*** DATA SHOWN ***

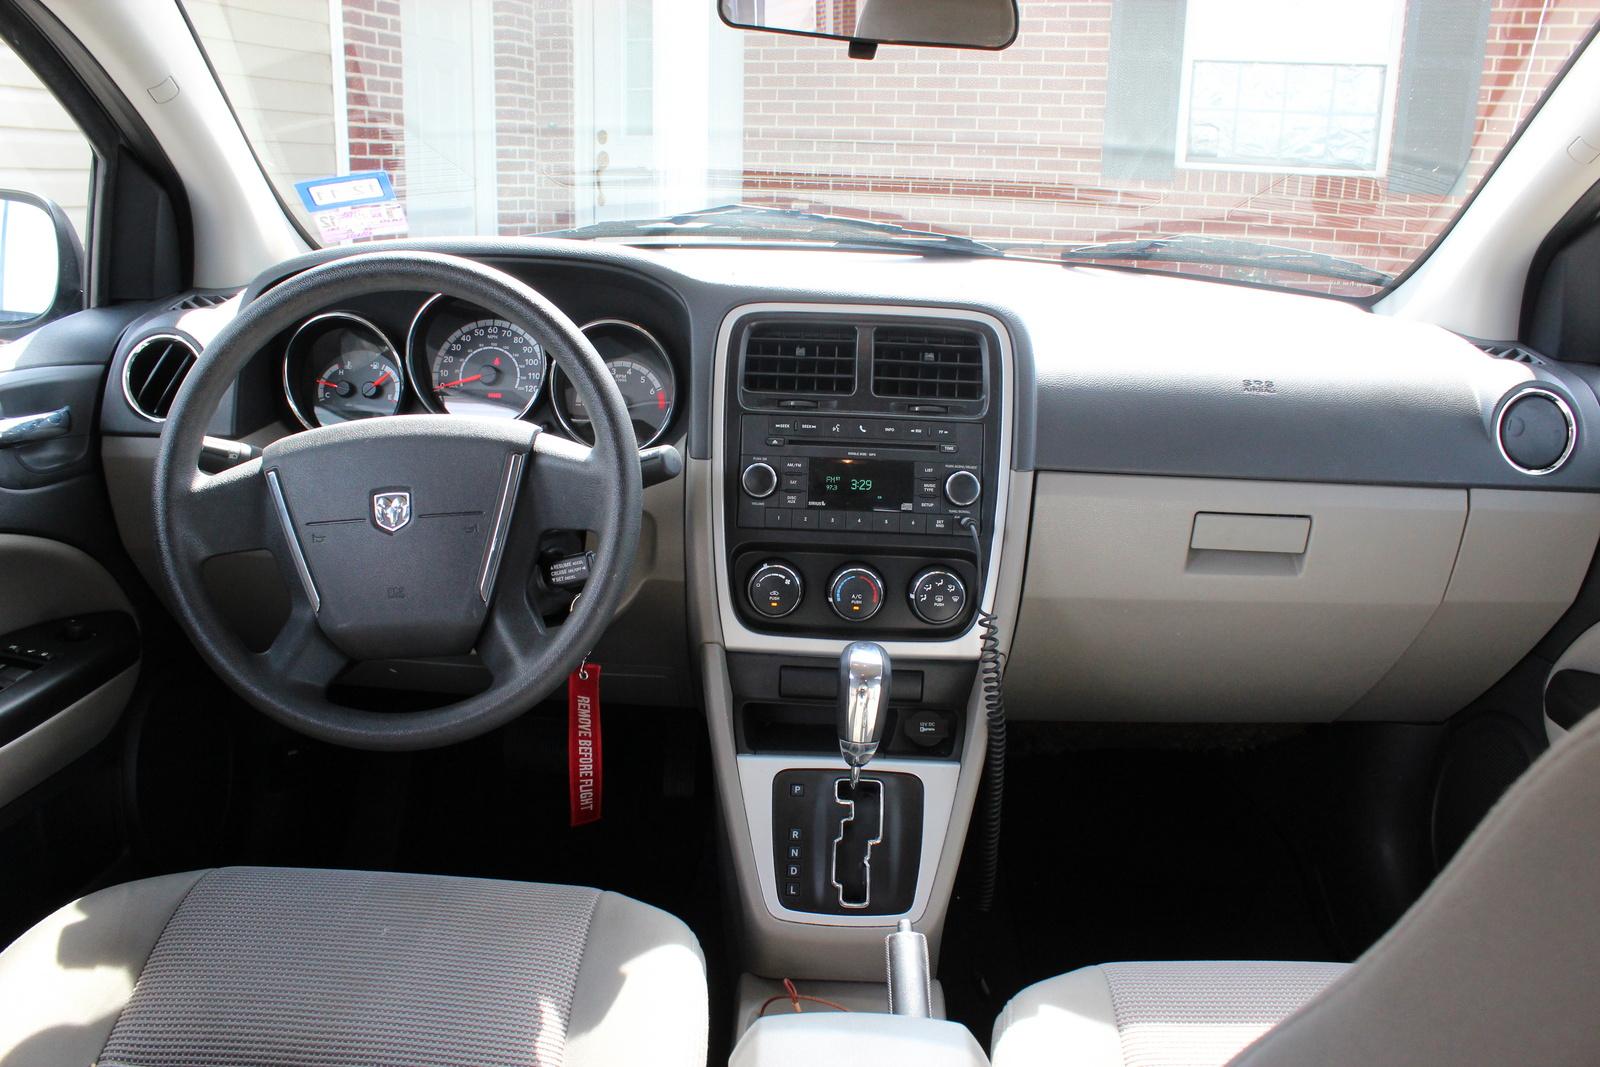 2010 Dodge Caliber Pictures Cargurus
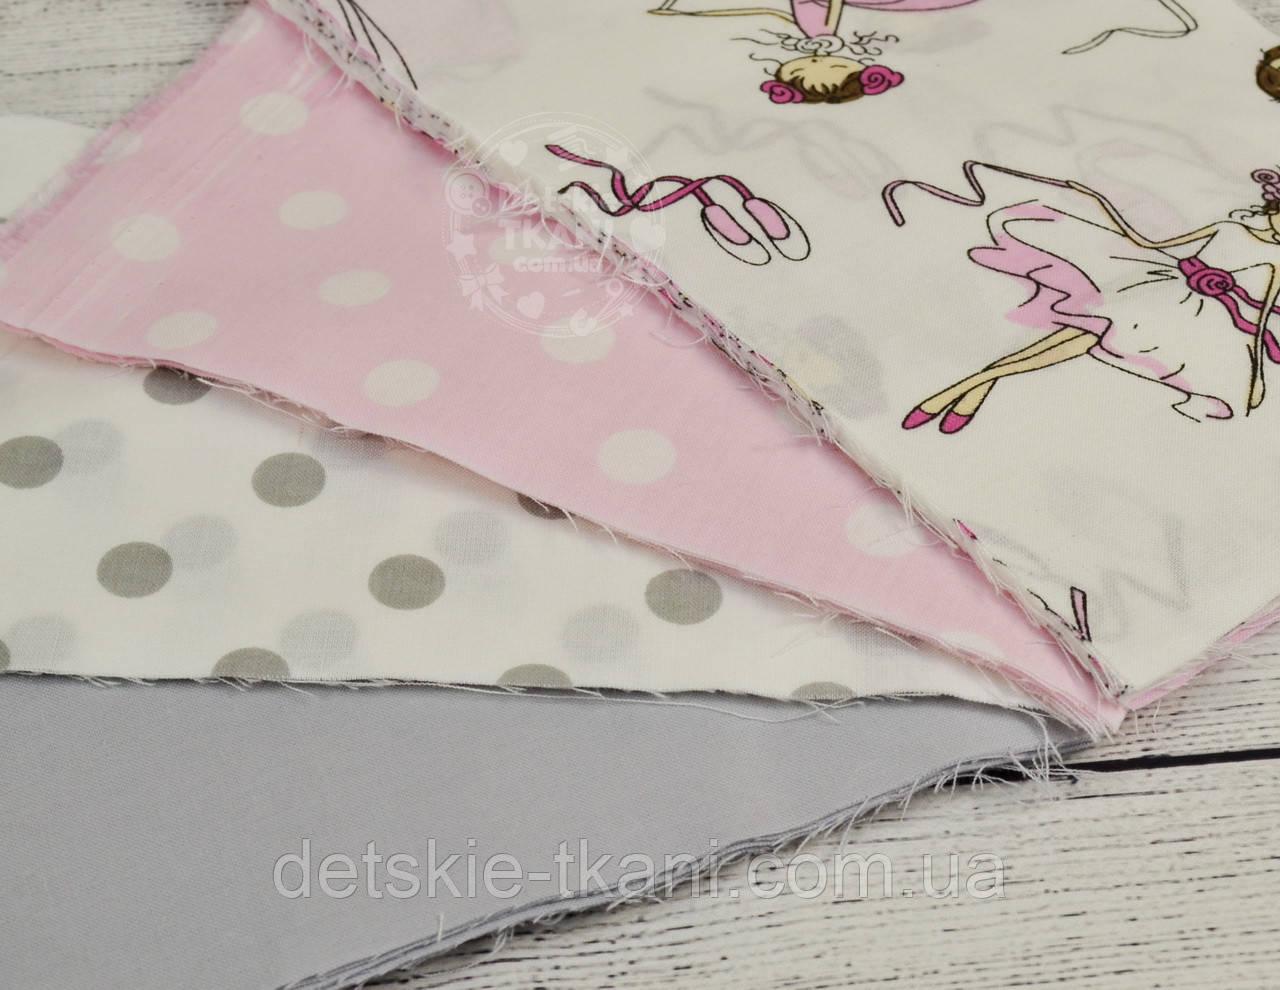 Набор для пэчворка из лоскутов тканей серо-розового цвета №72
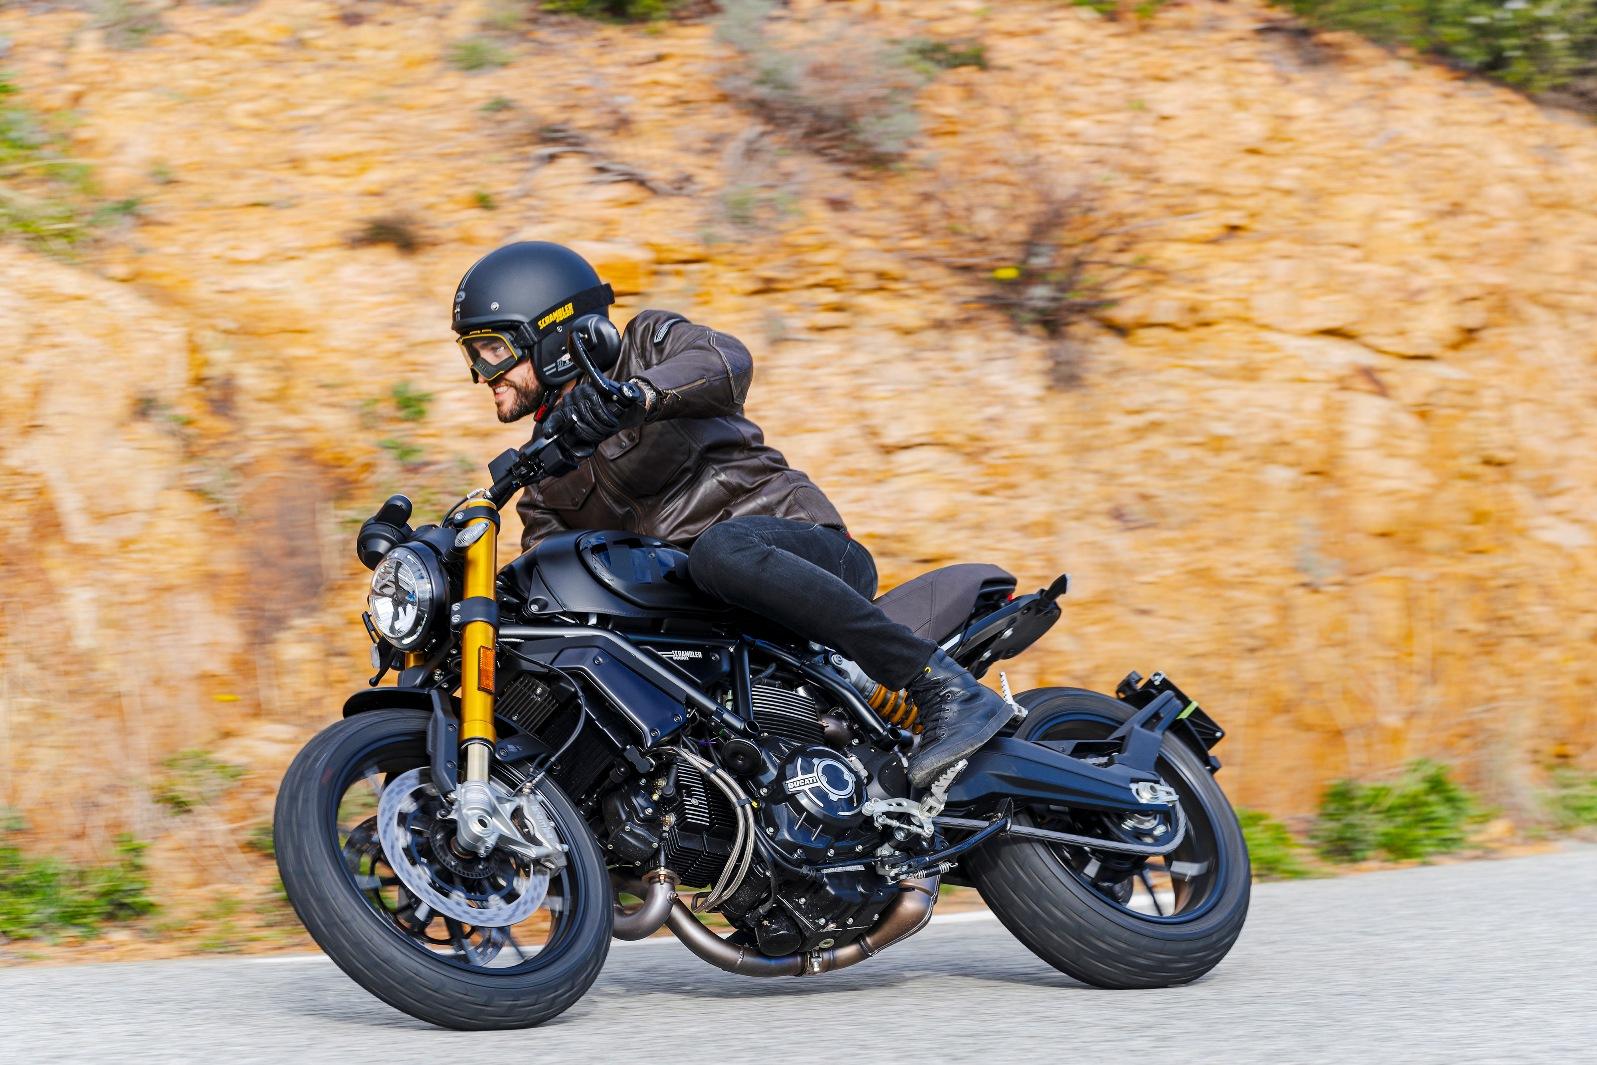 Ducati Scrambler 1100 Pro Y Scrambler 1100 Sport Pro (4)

*** End of DATA SHOWN ***

**ASSIGNMENT:** Give back all the material exactly, with no pictures.

**ANSWER AREA:**
 2010 Dodge Caliber Pictures Cargurus
 Набор для пэчворка из лоскутов тканей серо-розового цвета №72
 Ducati Scrambler 1100 Pro Y Scrambler 1100 Sport Pro (4)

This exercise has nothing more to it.